• Nora Sun

Tags: Stanford, low income, first generation

Institution: University of Stanford

Study: Major in biomedical engineering

High School Experience

My high school experience was really fun for me. I was able to stay focused for all four years and join fun and exciting extracurriculars where I met new people. Fortunately, I was able to balance my education. I sometimes didn't like the competition between students. But overall high school was not bad except for the coronavirus.

Course choices

In high school I gradually started taking AP classes. My freshman year I started with one AP class and then each year I added another AP. Fortunately, I was able to take numerous honors classes that challenged me in school.


AP Calculus BC: 5

AP human geography: 5

AP Computer Science A: unknown

AP English Language and Composition: 3

AP English Literature and Composition: unknown

AP Statistics: unknown

AP Chemistry: unknown

AP World History: 4

AP US History: 4

AP Biology: 3


4.0 unweighted, 4.6 weighted

Standardized Testing


In school I was involved in numerous activities. I was in Premed club(4 years), student council (2 years), cross country (4 year varsity), track (3 year varsity), equity team (4 years), NHS (2 years). I was captain of my cross country team, president of national honor society, and president of premed club. I was also one of the five student body officers for student council. I also got involved in summer programs such as QuestBridge and SCS Noonan Scholars. And I was able to work with the district to help find more solutions for equality in our school district.

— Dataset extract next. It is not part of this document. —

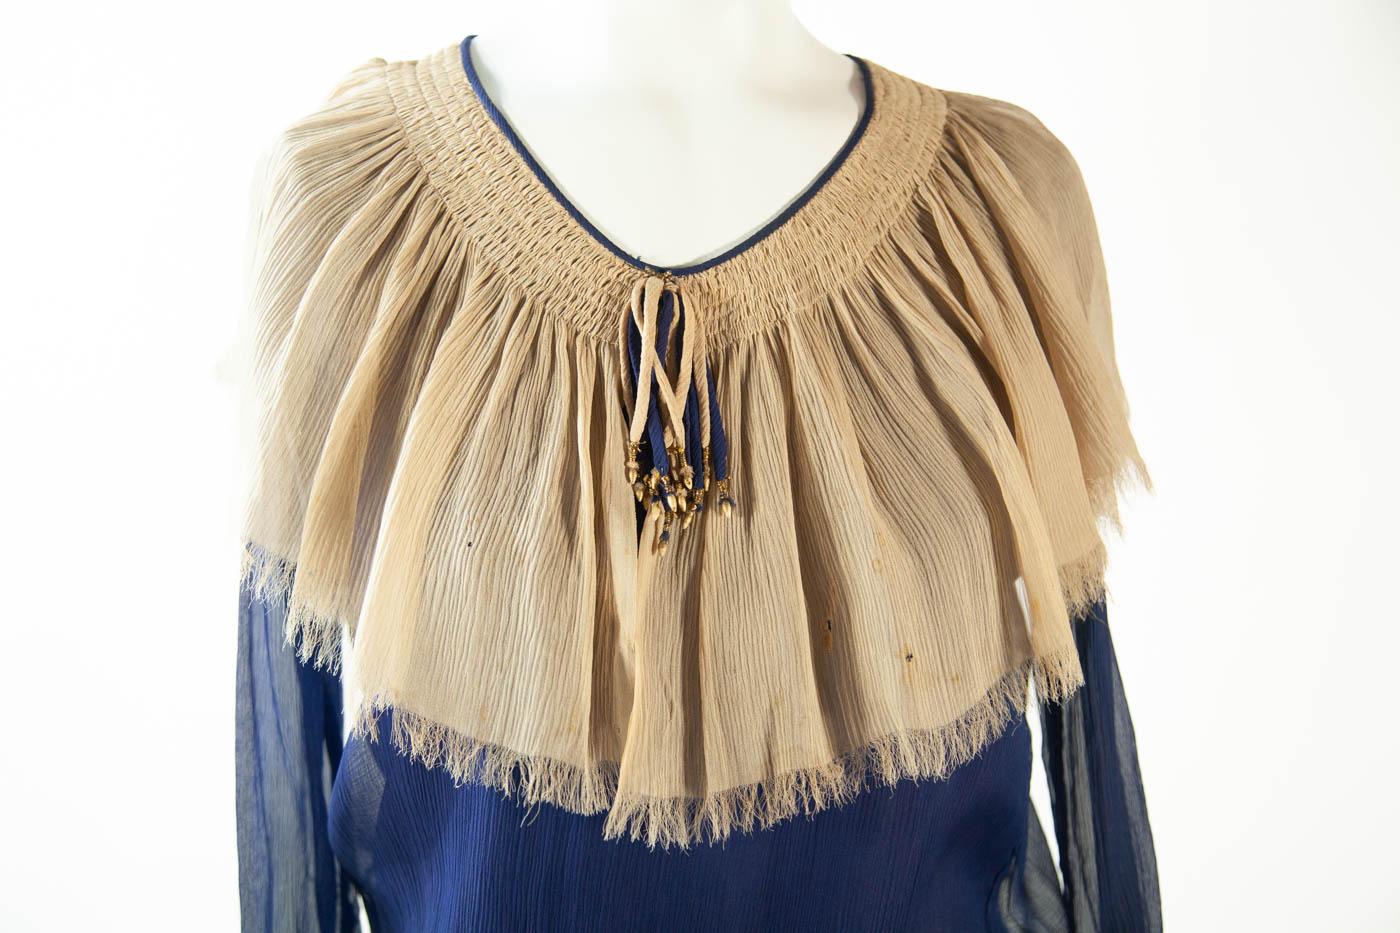 Very Vintage Original 1920s Silk Chiffon Blue Dress For Sale 5

My relationship with my teachers was important to me. One of my letters of recommendation was written by a teacher that I have had for my freshman, sophomore, and junior year of high school. He served as my AVID teacher and my AP Lang teacher. The second teacher who wrote my letter of recommendation was my AP US History teacher that I met in my junior year. The third letter of recommendation was written by my program college access counselor from the SCS Noonan Scholars program. My fourth letter was written by my Student Council teacher. My relationship was really good with all of them. And they offered to write me strong letters of recommendation before I had even asked.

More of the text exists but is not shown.